Most members of the electoral college that will elect the 36 Hong Kong deputies to the next National People's Congress (NPC) showed up at its first pre-election meeting at the Hong Kong Convention and Exhibition Centre in Wan Chai and selected a 19-member presidium, the Hong Kong Economic Journal reports.
Chief Executive Carrie Lam Cheng Yuet-ngor and two of her predecessors, Tung Chee-hwa and Leung Chun-ying, were among those selected to join the presidium.
Former Hong Kong leader Donald Tsang Yam-kuen, who is on bail pending an appeal to his earlier conviction of misconduct in public office, was dropped off the presidium list that used to include all former and incumbent chief executives.
The list saw eight new members, including Lam, former secretary for food and health Dr. Ko Wing-man, sitting NPC Standing Committee member Rita Fan Hsu Lai-tai, sitting NPC members Maria Tam Wai-chu and Yeung Yiu-chung, former president and vice-chancellor of the Hong Kong Baptist University Ng Ching-fai, former lawmaker Chan Kam-lam from the pro-Beijing Democratic Alliance for the Betterment and Progress of Hong Kong and Dr. Tam Kam-kau, a sitting member of the Chinese People’s Political Consultative Conference (CPPCC), China’s top political advisory body.

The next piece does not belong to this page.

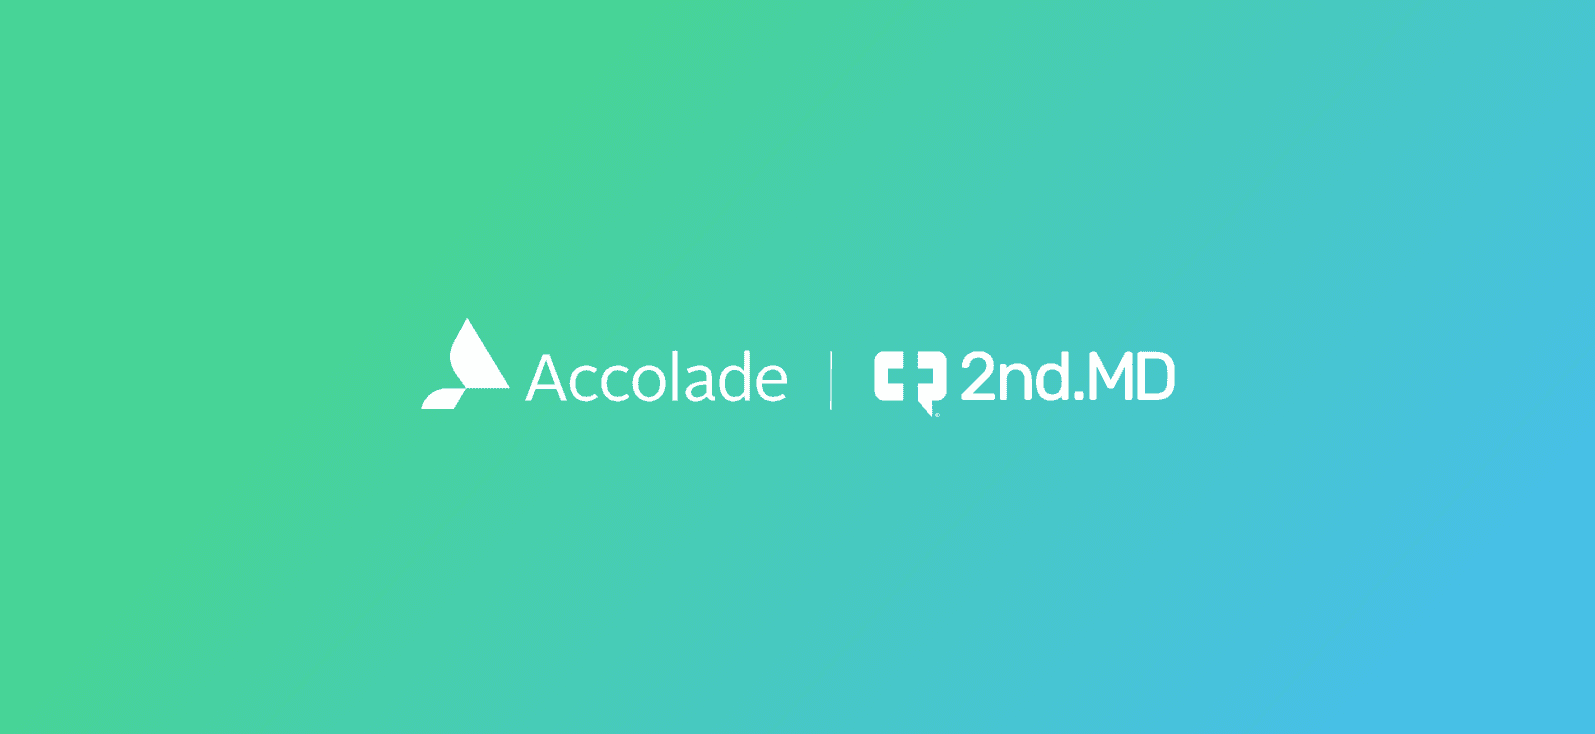 Accolade and 2nd.MD logos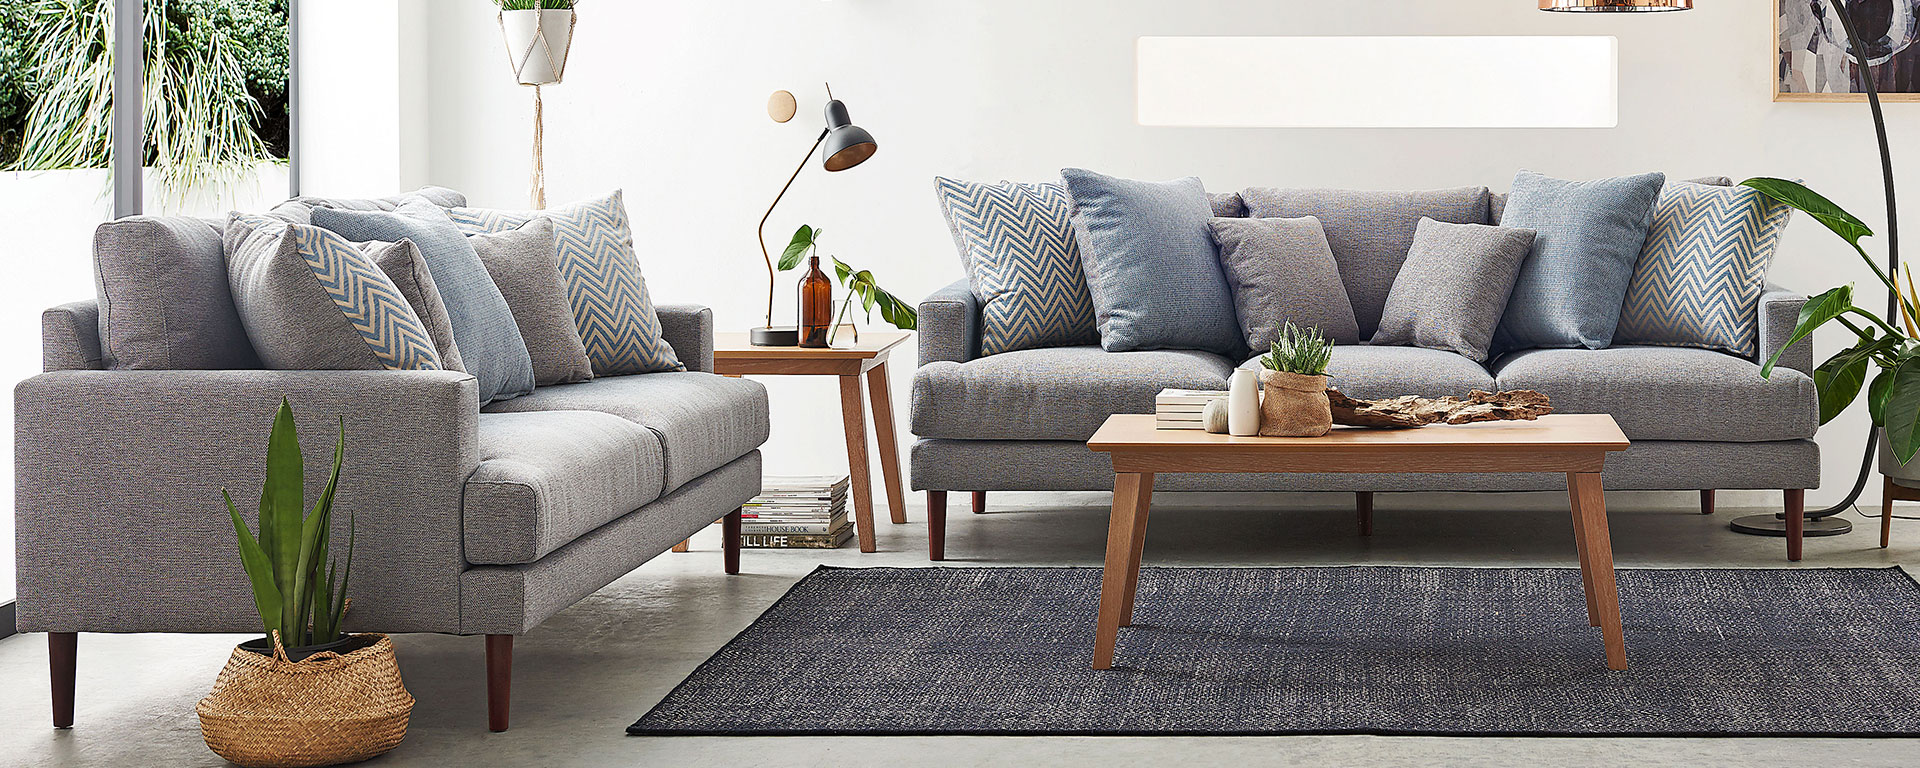 Our Top Furniture Picks To Style Your Home  Harvey Norman

The election of the Hong Kong deputies to the 13th NPC will be held on Dec. 19, with the nomination period beginning this Friday and closing on Dec. 4.
Giving a speech at Wednesday’s meeting, NPC Standing Committee vice chairman and secretary-general Wang Chen pointed out that an NPC deputy must have national and patriotic awareness.
Wang said the election criteria have changed, requiring all candidates to declare that they will safeguard the Chinese constitution and the Basic Law, uphold the “one country, two systems” principle, pledge loyalty to the People’s Republic of China and the Hong Kong Special Administrative Region, and accept no financial assistance concerning elections from foreign countries.
He also stressed that Beijing has zero tolerance for any speech or action pertaining to Hong Kong independence.
Such separatist advocacy violates not only the “one country, two systems” principle but also the Chinese constitution and the Basic Law, while seriously damaging national sovereignty, Wang said.
CPPCC standing member Ambrose Lau Hon-chuen, spokesman of the presidium, told media after the meeting that the presidium has the right not to list a candidate as a nominee or to remove a candidate who is found to have behaved in a way that is contrary to the declaration he or she has signed, adding that all of its decisions will be fair and just.
Democratic Party lawmaker Dr. Helena Wong Pik-wan said the new requirements are “somewhat difficult” for candidates from the pan-democratic camp to meet and therefore she believes no democrat will join the election.
That said, she revealed the pan-democratic camp controls about 300 votes in the electoral college, enough to make some individual candidates get elected or not.